The reason this comes up so often is that domain validation lives in two places: form inputs (where users type their company domain) and log scanning (where you extract every domain mentioned in a stream of text). The same pattern works for both, with anchors for full-string match in forms and unanchored in scans.

Quick reference

The practical pattern, ready to paste:

^(?:[a-zA-Z0-9](?:[a-zA-Z0-9-]{0,61}[a-zA-Z0-9])?\.)+[a-zA-Z]{2,63}$

The same pattern with the 255-character total length enforced:

^(?=.{1,255}$)(?:[a-zA-Z0-9](?:[a-zA-Z0-9-]{0,61}[a-zA-Z0-9])?\.)+[a-zA-Z]{2,63}$

Single-label hostname (e.g., localhost, printer-01):

^[a-zA-Z0-9](?:[a-zA-Z0-9-]{0,61}[a-zA-Z0-9])?$

The practical pattern

^(?:[a-zA-Z0-9](?:[a-zA-Z0-9-]{0,61}[a-zA-Z0-9])?\.)+[a-zA-Z]{2,63}$

Breaking it down:

• ^ and $ anchor to the full string for form validation. Drop them for log scanning.
• [a-zA-Z0-9] means a label cannot start with a hyphen.
• (?:[a-zA-Z0-9-]{0,61}[a-zA-Z0-9])? allows middle characters including hyphens, but the last character cannot be a hyphen. Together with the first character rule, this enforces "no leading or trailing hyphen". The 61 limits the middle so the total label length stays at most 63.
• \. is a literal dot.
• The whole label pattern is repeated with + so you can have multiple labels (mail.example.co.uk).
• [a-zA-Z]{2,63} is the TLD: letters only, between 2 and 63 characters. Modern TLDs include .museum, .london, .amazon.

This pattern rejects all-numeric TLDs (which don't exist in real DNS) and localhost (single-label). To accept single-label hostnames for internal use, see the variant in the Quick reference above.

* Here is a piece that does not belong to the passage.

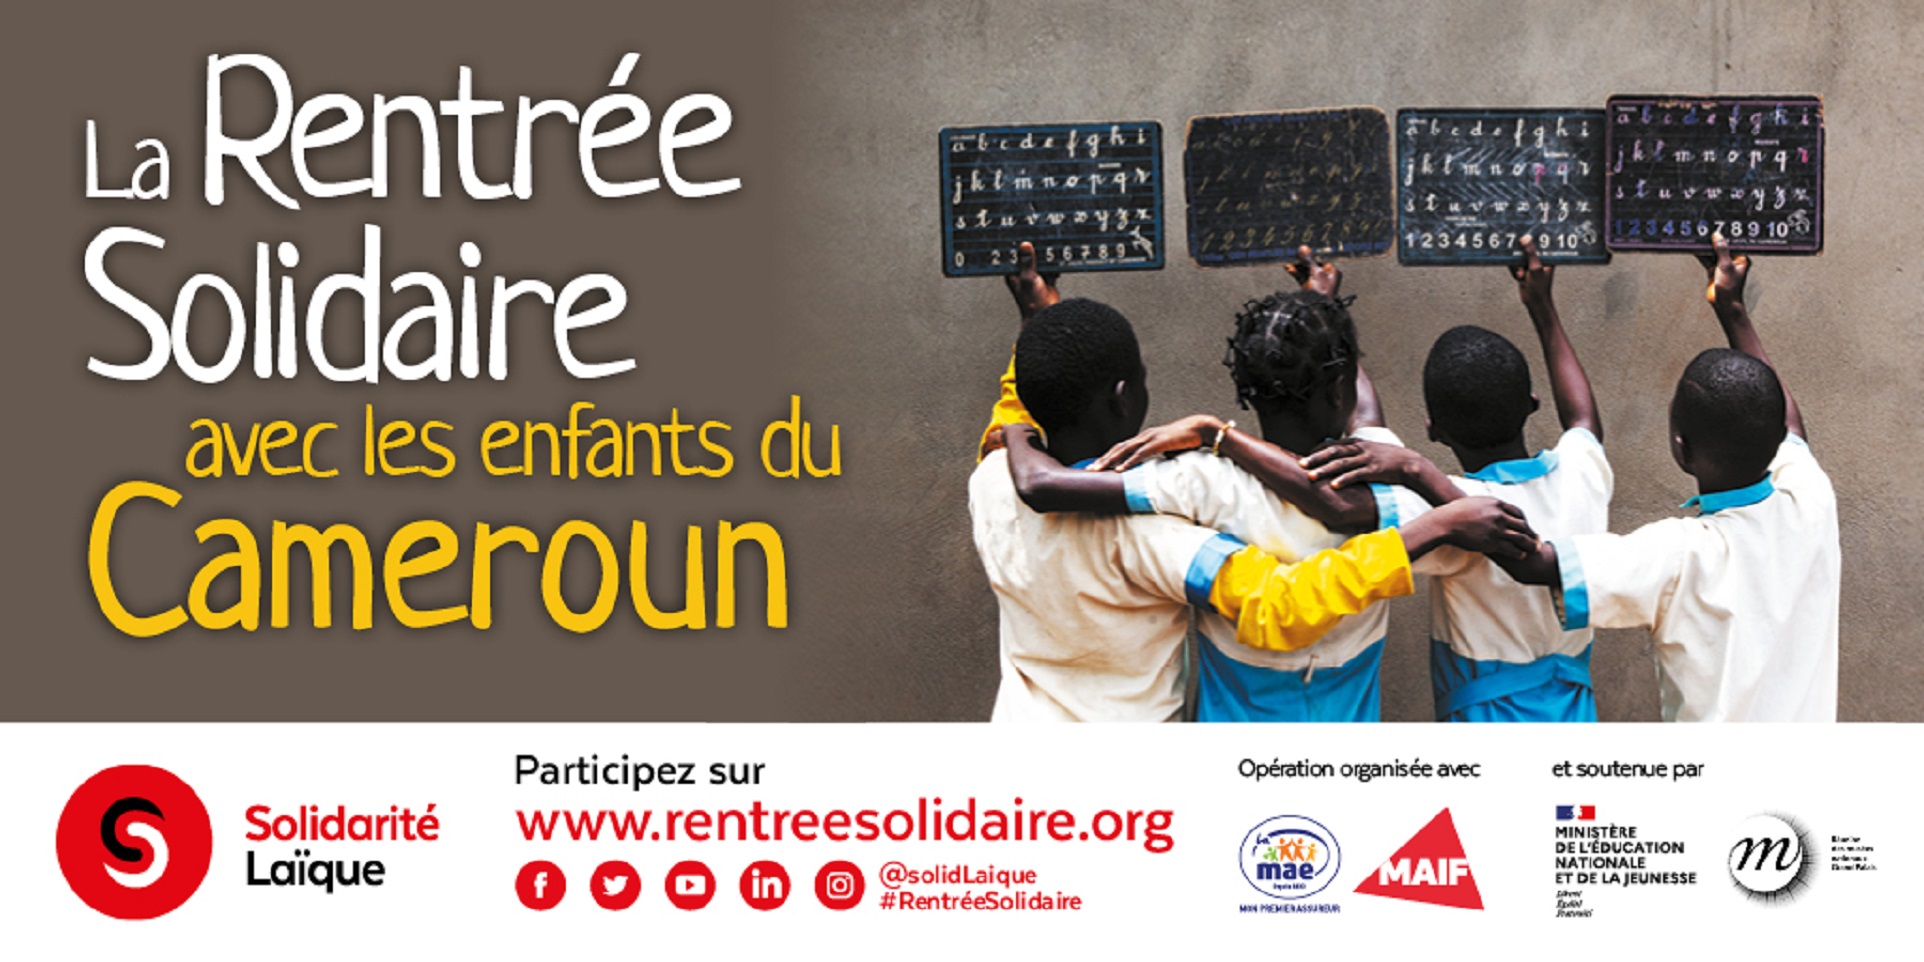 Le collège Lamartine est solidaire avec les enfants du Cameroun

The strict pattern (RFC 1035 length limits)

RFC 1035 imposes two length rules: each label is at most 63 octets, and the entire domain (including dots) is at most 255 octets. Regex can enforce the per-label limit naturally; the total length is easier to check with a lookahead.

^(?=.{1,255}$)(?:[a-zA-Z0-9](?:[a-zA-Z0-9-]{0,61}[a-zA-Z0-9])?\.)+[a-zA-Z]{2,63}$

The added piece is (?=.{1,255}$), a lookahead that asserts the entire string is between 1 and 255 characters. Combined with the rest, this enforces both per-label and total-length limits.

For more on lookahead patterns like this, see how to use regex lookaheads and lookbehinds.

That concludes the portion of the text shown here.